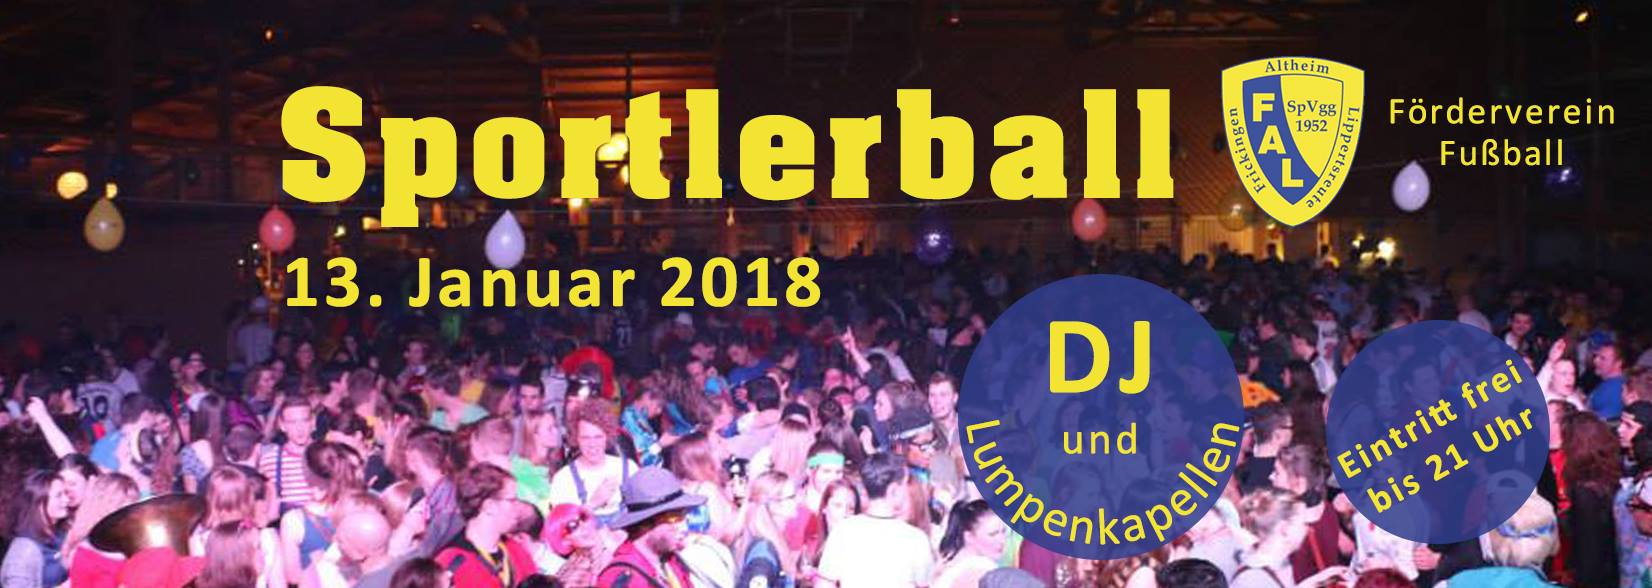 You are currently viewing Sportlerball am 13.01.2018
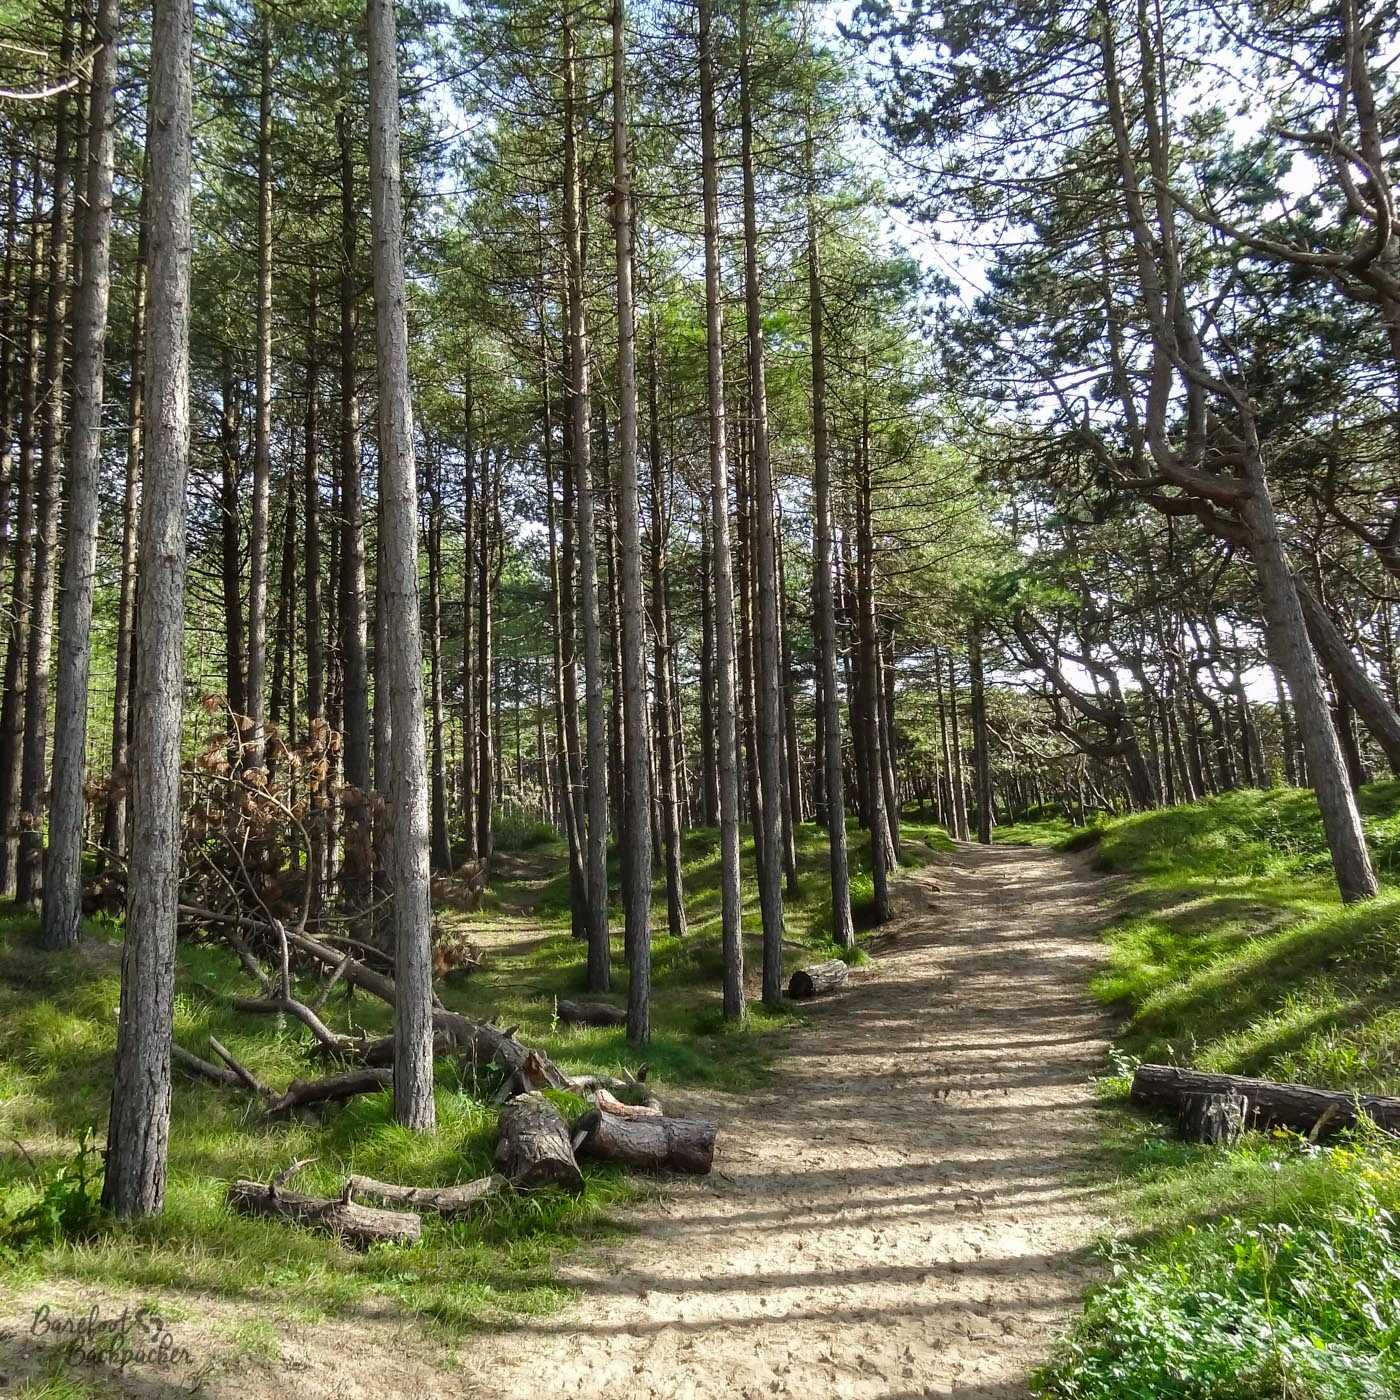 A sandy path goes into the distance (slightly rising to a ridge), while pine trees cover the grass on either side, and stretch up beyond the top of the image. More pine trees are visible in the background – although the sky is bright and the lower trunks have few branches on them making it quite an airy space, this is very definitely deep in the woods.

—————

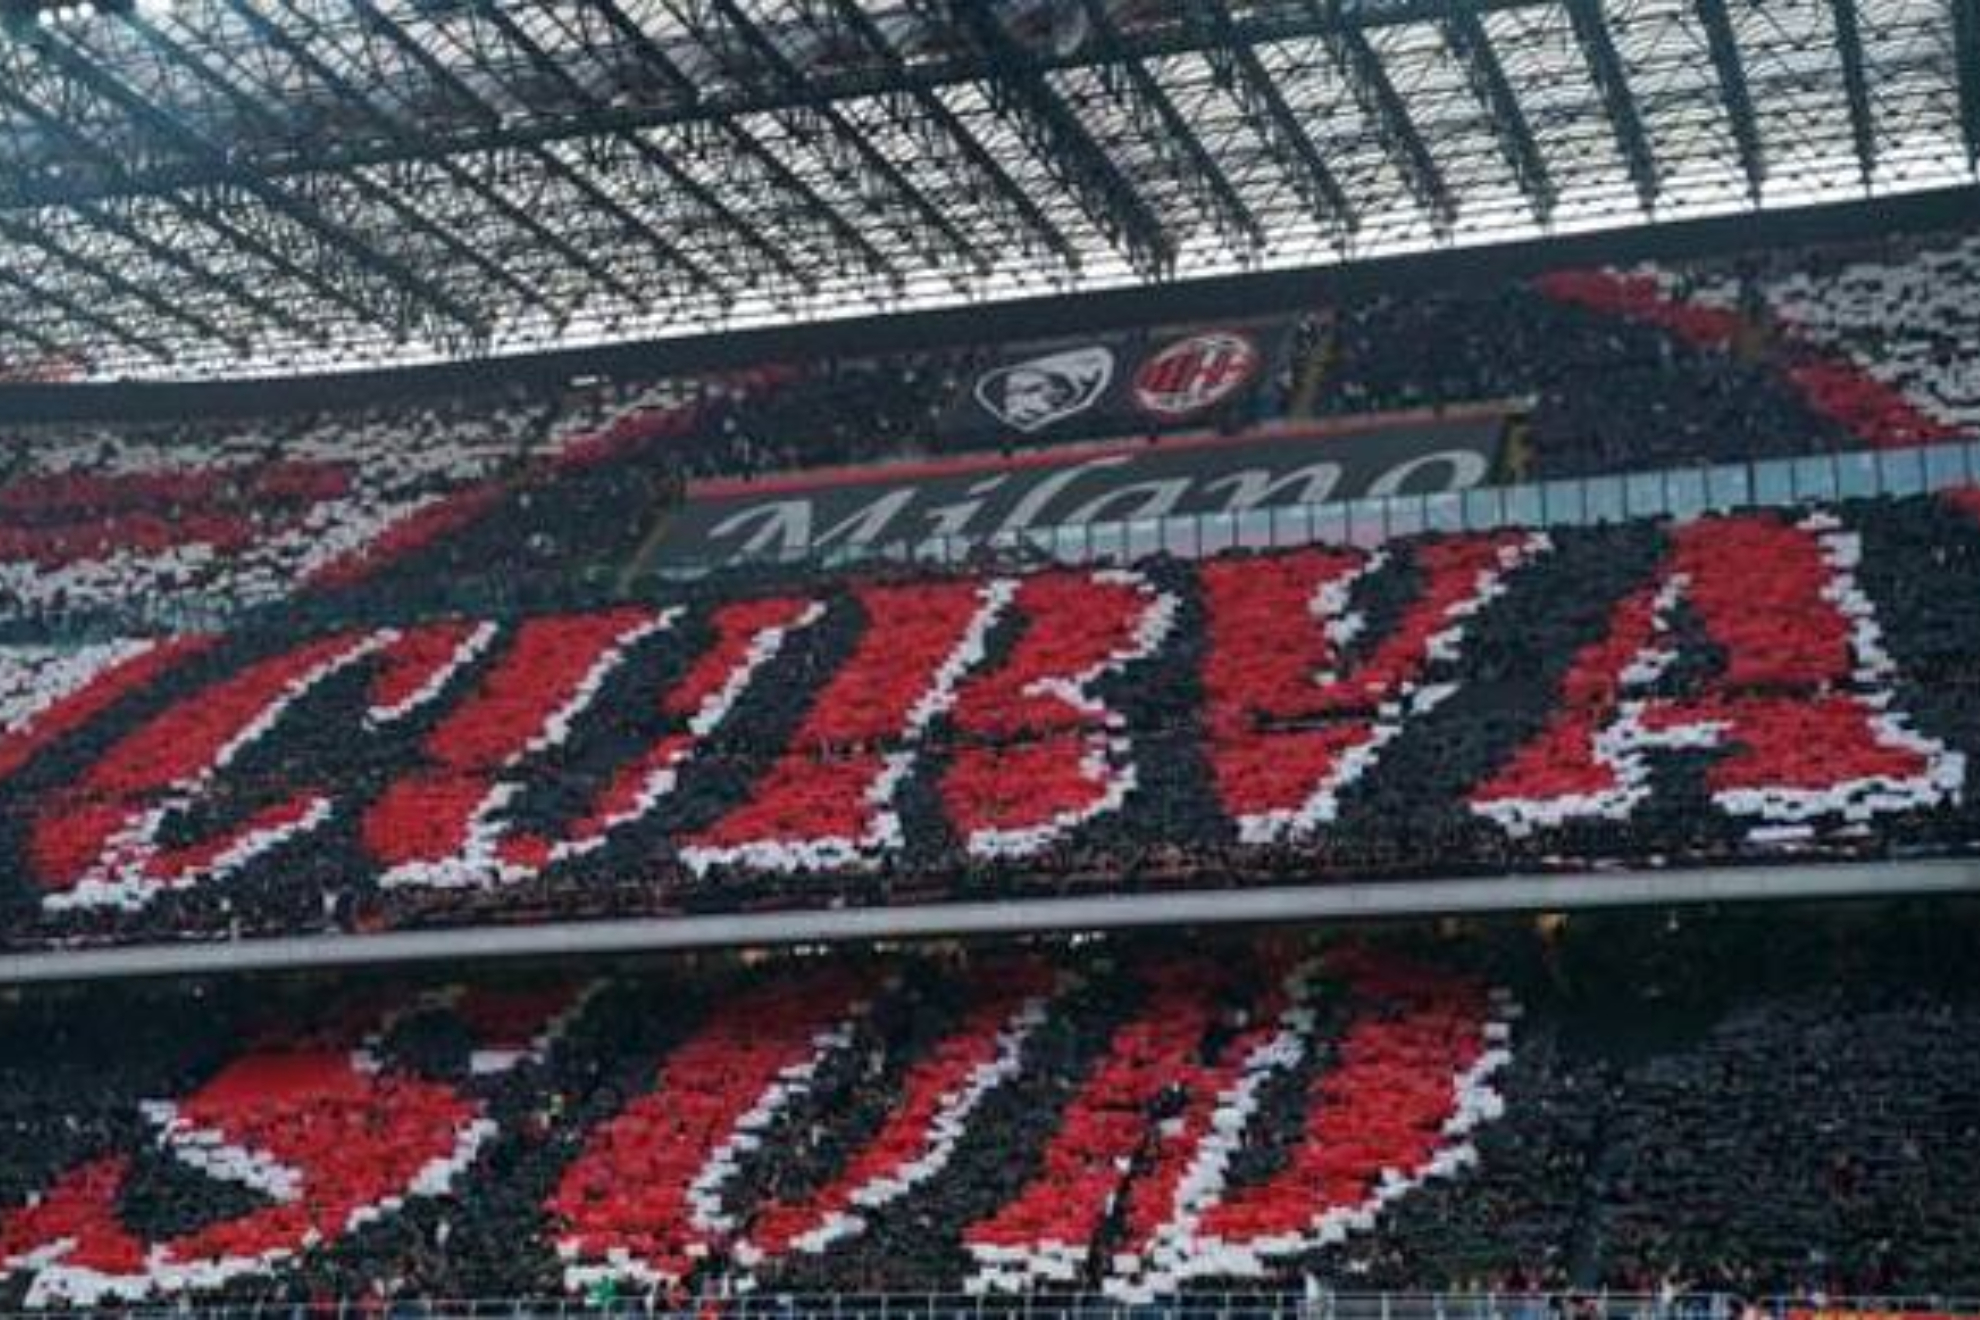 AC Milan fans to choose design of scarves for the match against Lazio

—————

§ **Work instruction**:
What do the entries above read from the line containing "You are currently" through the line containing "A sandy path"? Output those lines exactly, both ends included, with the pictures left out.

§ **Your response**:
 You are currently viewing Sportlerball am 13.01.2018
 A sandy path goes into the distance (slightly rising to a ridge), while pine trees cover the grass on either side, and stretch up beyond the top of the image. More pine trees are visible in the background – although the sky is bright and the lower trunks have few branches on them making it quite an airy space, this is very definitely deep in the woods.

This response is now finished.